I just posted a response to Latimer Alder on Bishop Hill:
Me: ‘The prevailing methodology in science is to create a model that fits the data. As such, scientists tend to assume all “science like” problems should all be tackled by creating a model and using that to predict what will happen.’
Latimer Alder: Wow. We used to do experiments instead. And test any models against them. Do they just leave out this essential step nowadays?
When I realised that my reply was based on a statistical evolutionary concept of theory building whereas I suspect Latimer’s question was based on the idea that there is only one theory which people uncover by enquiry much as an archaeologist uncovers a ruin by trial and error digging – I thought I’d follow this line of thought further and wrote this.
But beware … this is a personal note to myself working through this idea. The only reason I let to read it is because thinking someone might be daft enough to read this helps me write something that I have some chance understanding when I’ve forgotten why I wrote it. In essence I am suggesting that science consists of an ensemble of possible theory and/or models and that these are selected according to their fit to the data. As such we could imagine an infinite number of monkeys (aka academics) randomly producing theories which are then systematically discarded (or not if its climate “science”) according to whether they fit the data.
At this point I am tempted to compare Latimer’s (as I understand it) and my approach to evolutionary and Lamarckian evolution. Now, I was taught Larmarck proposed that a giraffe grew a long neck because it kept stretching its neck. Quick check – yes, that is right. Larmarck proposed that some mechanism altered the organisation in its life and these traits were passed on.
In a sense I can see a parallel in the tuning of parameters of an equation. The equation is altered during its lifetime … and I suppose “birth” is when further parameters are added to create a new equation based on the old.
So, what would evolutionary theory development equate to? I suppose the elimination of old equations which do not fit (are not fit for purpose) is evolutionary, but all equations have parameters changed in order to fit new data.

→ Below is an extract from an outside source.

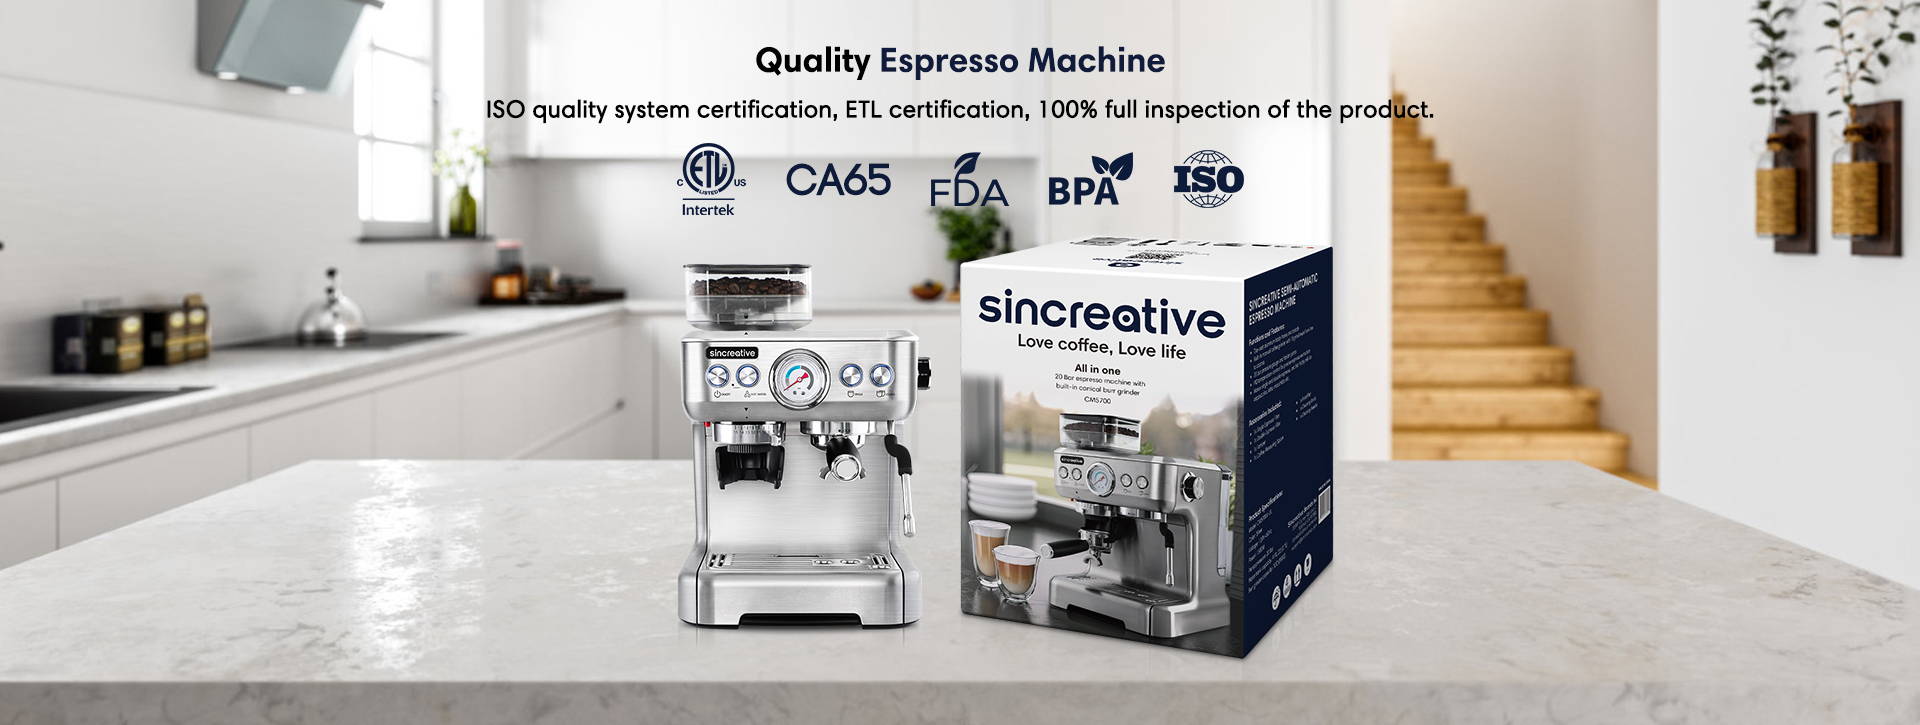 quality espresso machine for home use at a affordable price

However, there is the fundamental problem that given a model with N adjustable parameters whose affect is orthogonal (acts independently) then it can be made to fit N data points. Or to put it more generally, the more complex the equation (the more adjustable parameters in the equation) and the less data points it has to fit, the easier it becomes to shoe horn any old equation to fit the data.

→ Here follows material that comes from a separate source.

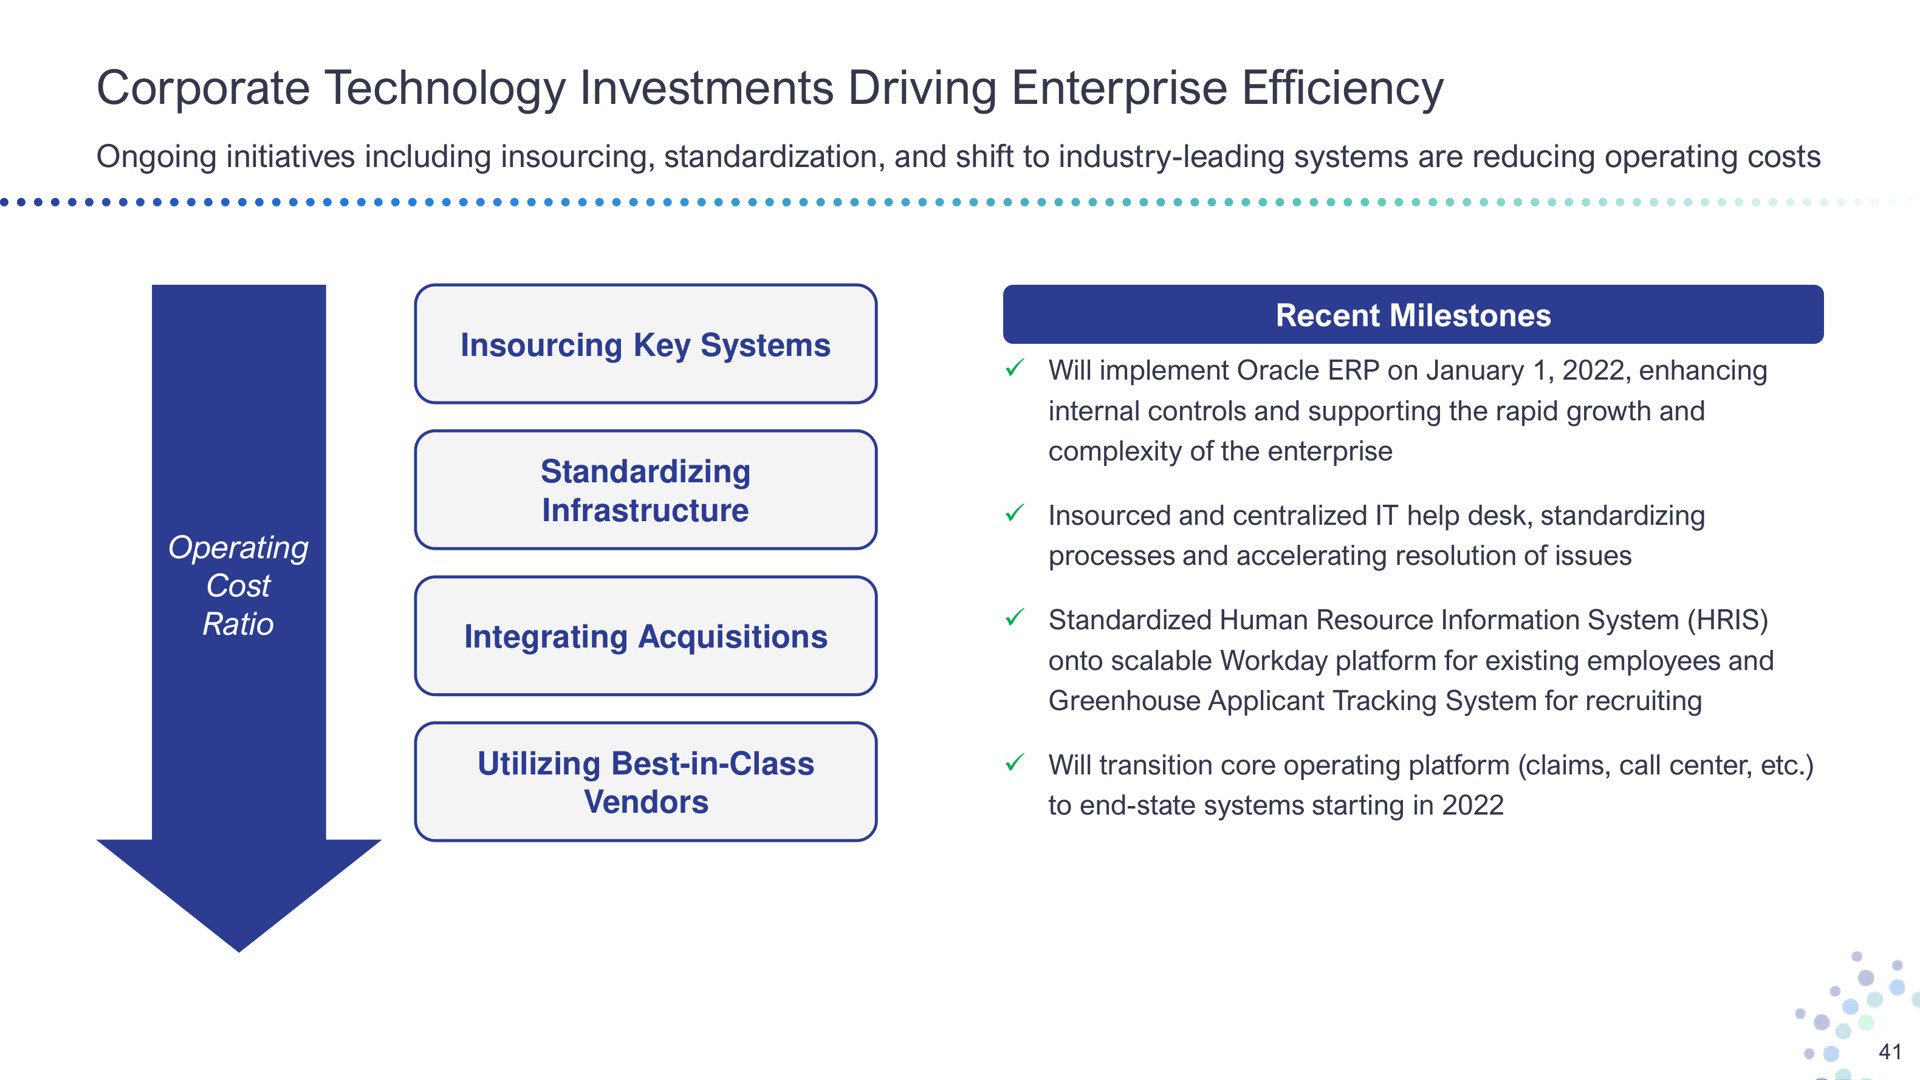 corporate technology investments driving enterprise efficiency ongoing initiatives including standardization and shift to industry leading systems are reducing operating costs key systems standardizing infrastructure integrating acquisitions of i cost ratio recent milestones will implement oracle on enhancing internal controls and supporting the rapid growth and complexity of the and centralized it help desk standardizing processes and accelerating resolution of issues standardized human resource information system onto scalable workday platform for existing employees and greenhouse applicant tracking system for recruiting utilizing best in class vendors will transition core operating platform claims call center to end state systems starting in i | Bright Health Group

Latimer was talking about an experiment. An experiment is a means whereby a model is tested. In chemistry, that model is how chemicals react, in physics it might be how bodies behave and in climate … it is how the climate behaves. Unfortunately, experiments often don’t test what we expect. E.g. the exact order in which chemical are added may effect the outcome. So, in ideal conditions the experiment is repeated many times (or at least with a control). Each of these experiments create an added data point by which the model (or hypothesis) can be tested.

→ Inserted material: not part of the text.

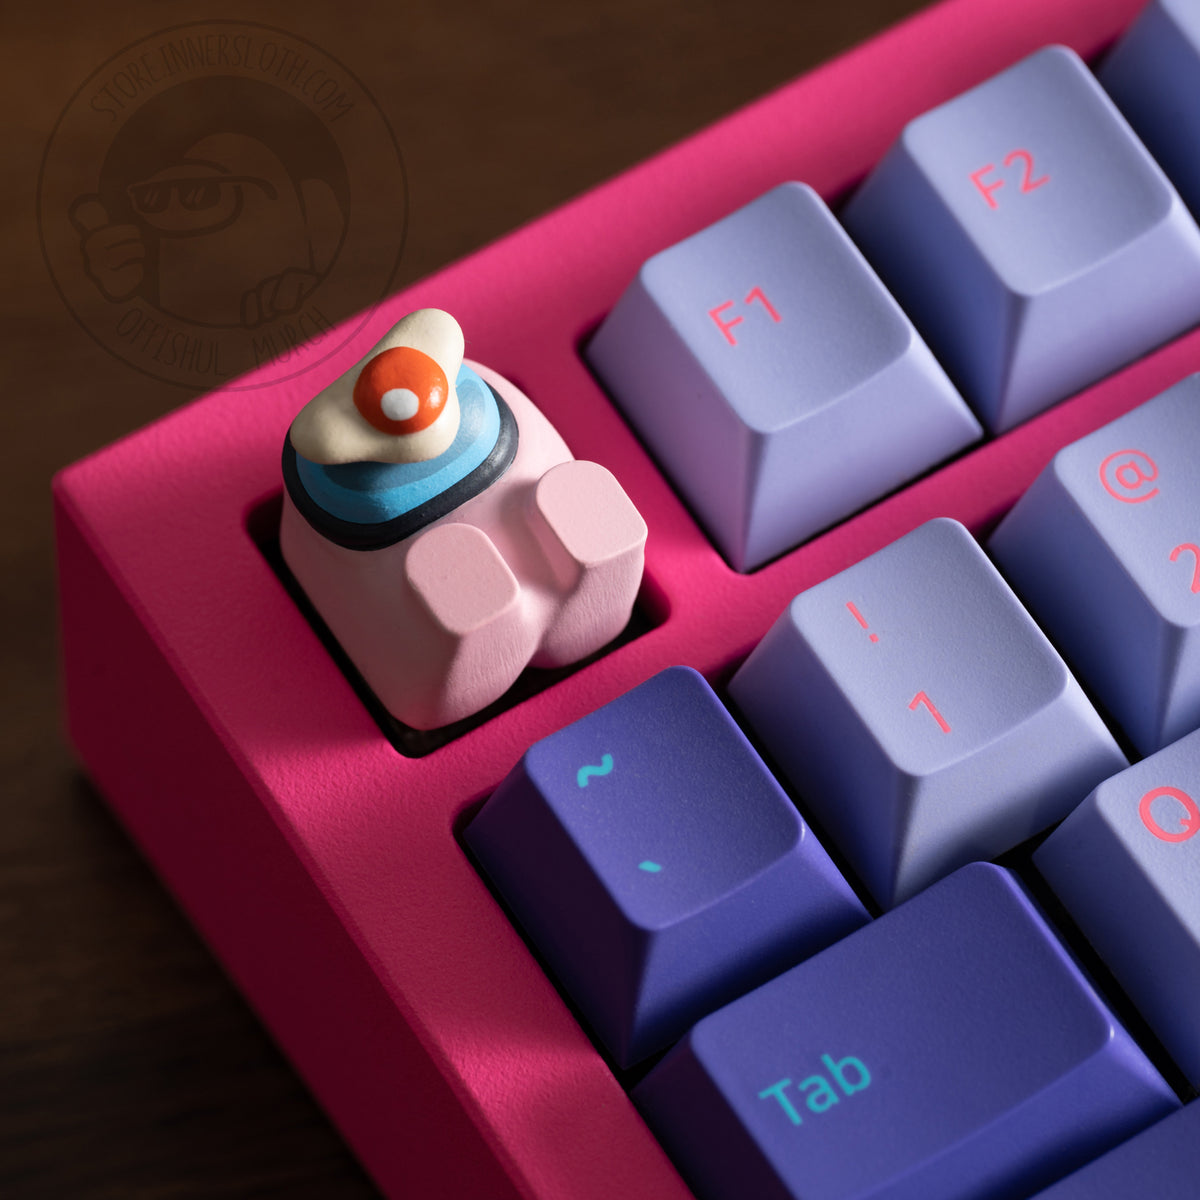 A lifestyle photo of the rose crewmate keycap taking the place of the escape key on a pink keyboard. The keycap figure lays on its back, and is shown with a fried egg over its visor.

But when we come to climate, the time it takes for “climate” to change is of the order of a decade. So, in effect we only have one addition “test” point each decade. And given that half decent records for world climate started in 1850 and it was a long time after they were more than half decent, there are at most 16 data points (one for each decade) and if we were being strict perhaps far less.
Now in the reply to Latimer I made up a “rule of thumb” which was that you needed need n+1 data points to distinguish between n different hypothesis or models. For the moment I won’t worry whether its n+1 or n, but afterwards I suggested that a better model would be to say that each new test removes a proportion of the models. E.g. if the test is whether the model predicted the sign of global temperature. Given an infinite set of independent academics producing climate models, we would expect half their models to be removed for the first decade, half the next, half the next, so that after a century there would be only 1 in 1024 models still being considered.
Obviously in real life (as in evolution) when old models are removed, so those still in contention may be adapted (by the infinite monkeys in academia) so that the pool of models available for consideration remains fairly static.
In a “hard” subject like physics or chemistry, where it is relatively easy to conduct tests to verify models, it is relatively easy and quick to weed out models, so they tend to be “data rich” and “model poor”. In other words, whilst the process of developing theories can be entirely random, this data rich environment rapidly weeds out models leading to an environment with a few well tested theories.
But in climate “science”, the academics are in a data poor environment waiting as much as a decade for each new data point. And … as academia seemed to be judged on the papers they produce, we end up with hundreds of papers speculating on different models and theories and possible explanations of the climate. So, this subject is “model rich” and “data poor”.
Learning Curve
Now this is the point I really wanted to examine. How does this concept fit into the learning curve. Before pulling out the equation, I’ll just say what I understand the learning curve to relate to.
In any situation there are a host of things that affecting the situation. Some of these are large “elephants in the room”, some are mice, some flees, some microbes and some are just ephemeral vapours which we have no concept of their existence.
Anyone involved in the situation will immediately spot the elephant in the room (although climate scientists are the except that proves the rule). So, even within a fairly short time, we will be looking for solutions/fixes/models or whatever it is we are modelling using the “learning curve” which will sort out the elephants. However, only when we have removed the herd of stampeding elephants is the room quiet enough to start hearing/seeing the mice. In climatic terms, what this means is that only once we start to properly model the main contributing factors affecting the model (like solar activity), can we start to see that residuals which are caused by the smaller factors which affect the equation (like CO2).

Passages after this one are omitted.